All the data that follows should be repeated exactly, without a single picture.

### Supplied information
----

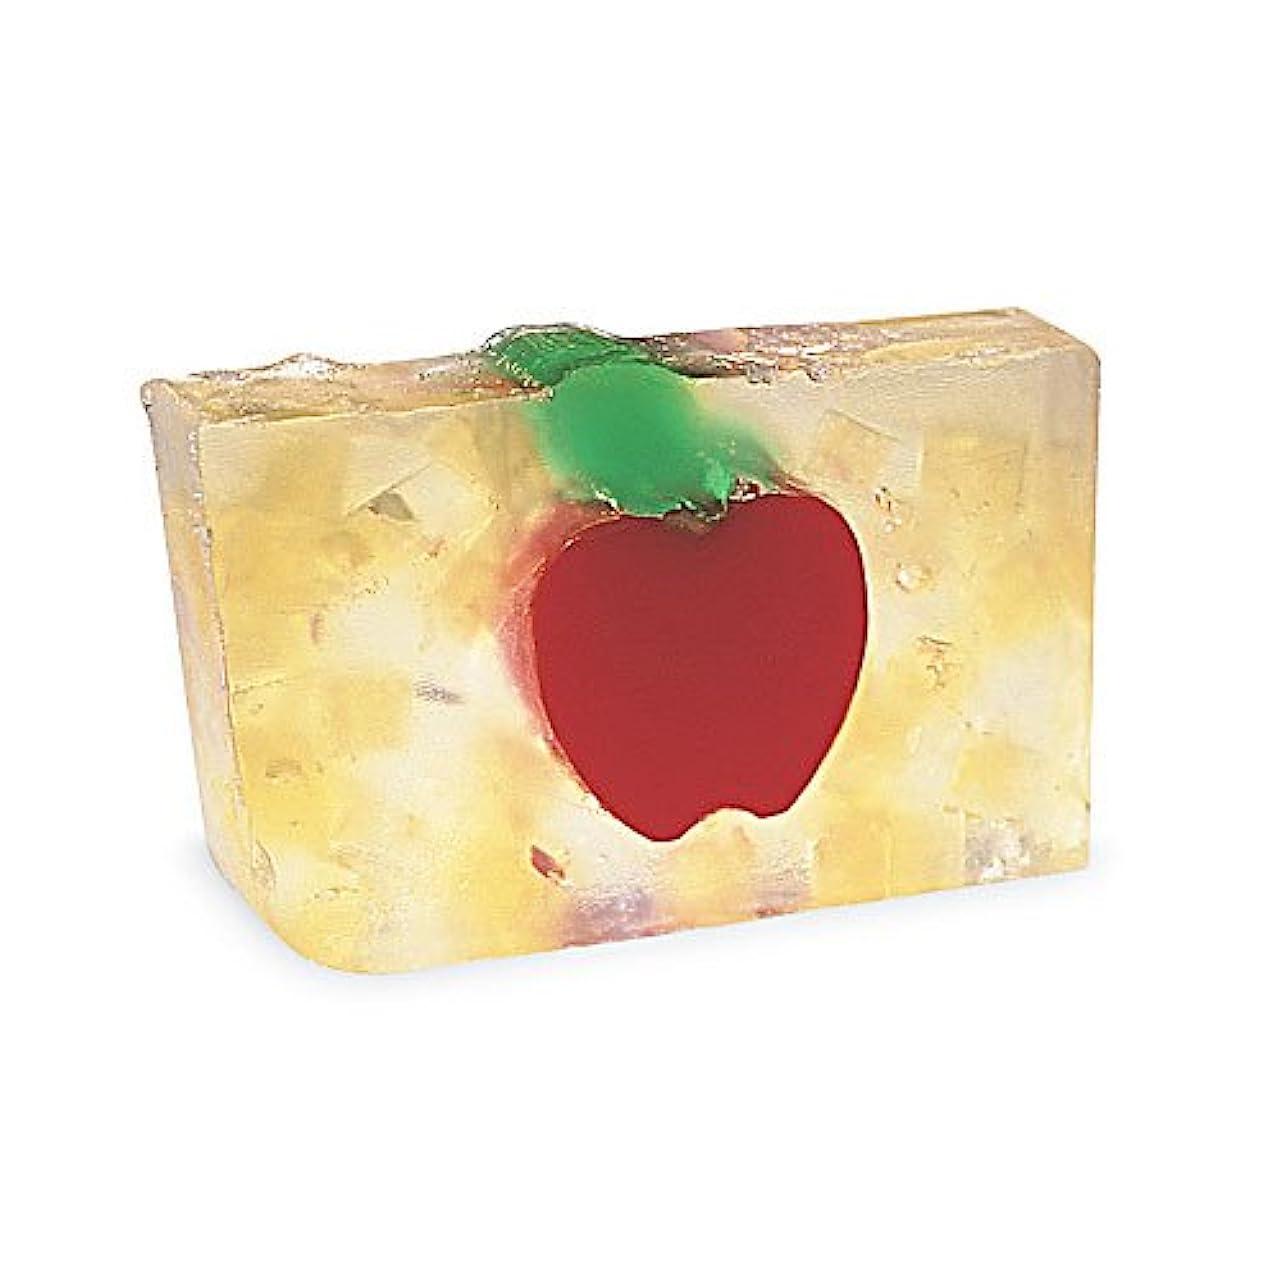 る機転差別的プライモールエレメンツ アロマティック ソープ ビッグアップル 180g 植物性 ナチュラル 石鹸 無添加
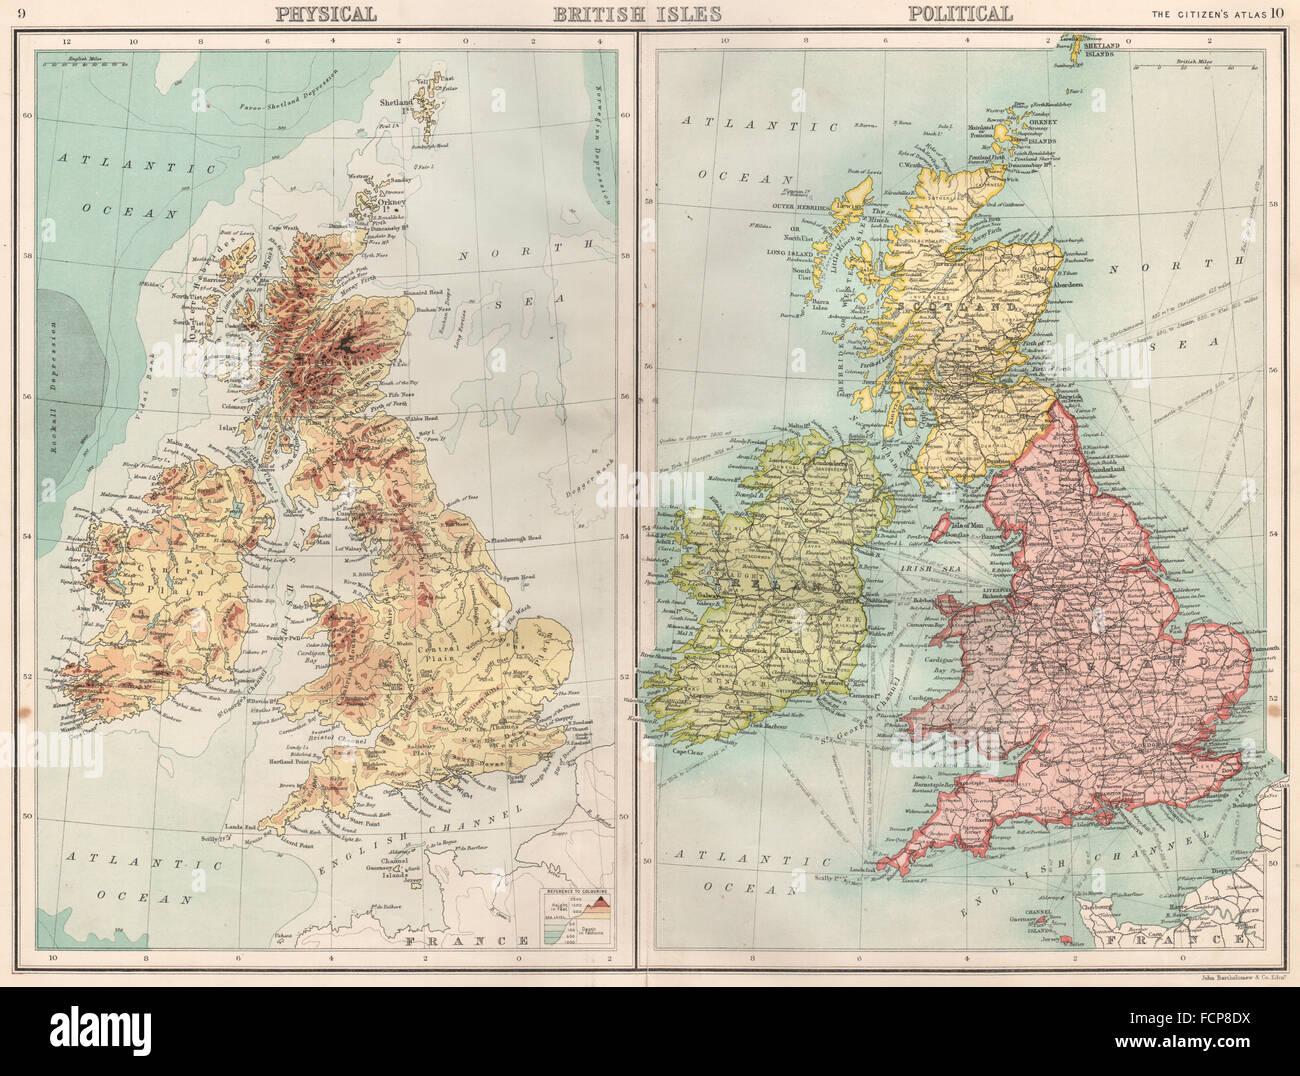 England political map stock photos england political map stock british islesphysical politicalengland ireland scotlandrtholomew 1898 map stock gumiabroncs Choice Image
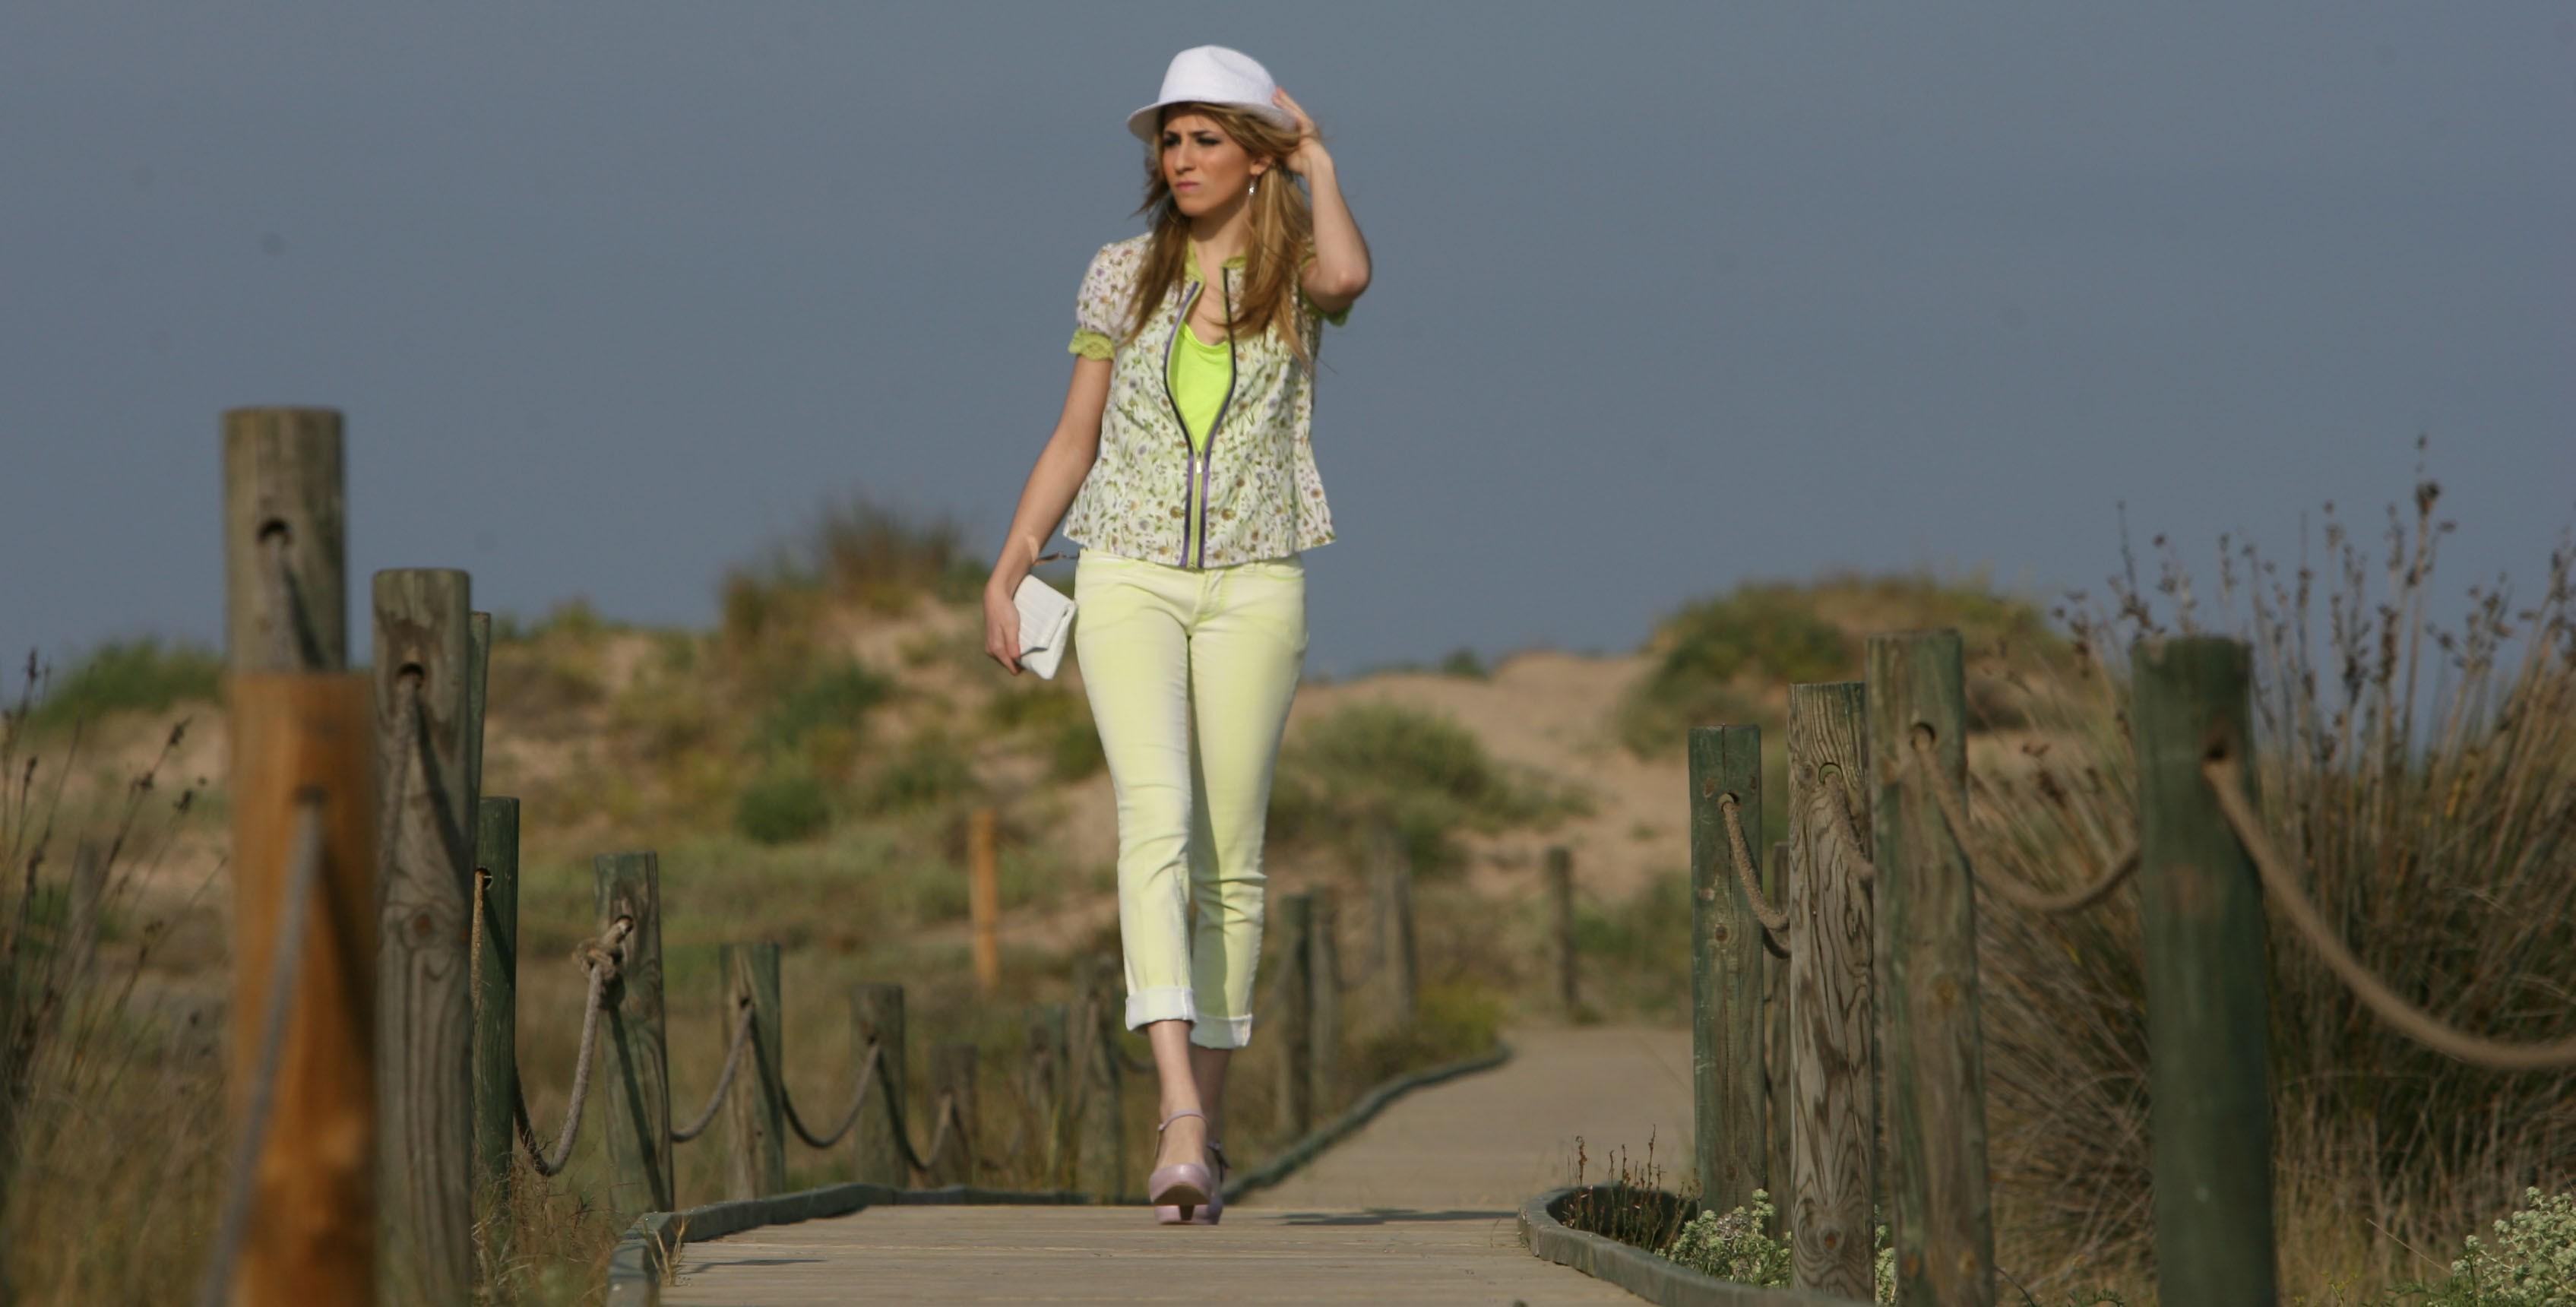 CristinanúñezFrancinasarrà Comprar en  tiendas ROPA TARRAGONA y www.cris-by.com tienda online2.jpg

----

### Written reply
 る機転差別的プライモールエレメンツ アロマティック ソープ ビッグアップル 180g 植物性 ナチュラル 石鹸 無添加
 England political map stock photos england political map stock british islesphysical politicalengland ireland scotlandrtholomew 1898 map stock gumiabroncs Choice Image
 CristinanúñezFrancinasarrà Comprar en  tiendas ROPA TARRAGONA y www.cris-by.com tienda online2.jpg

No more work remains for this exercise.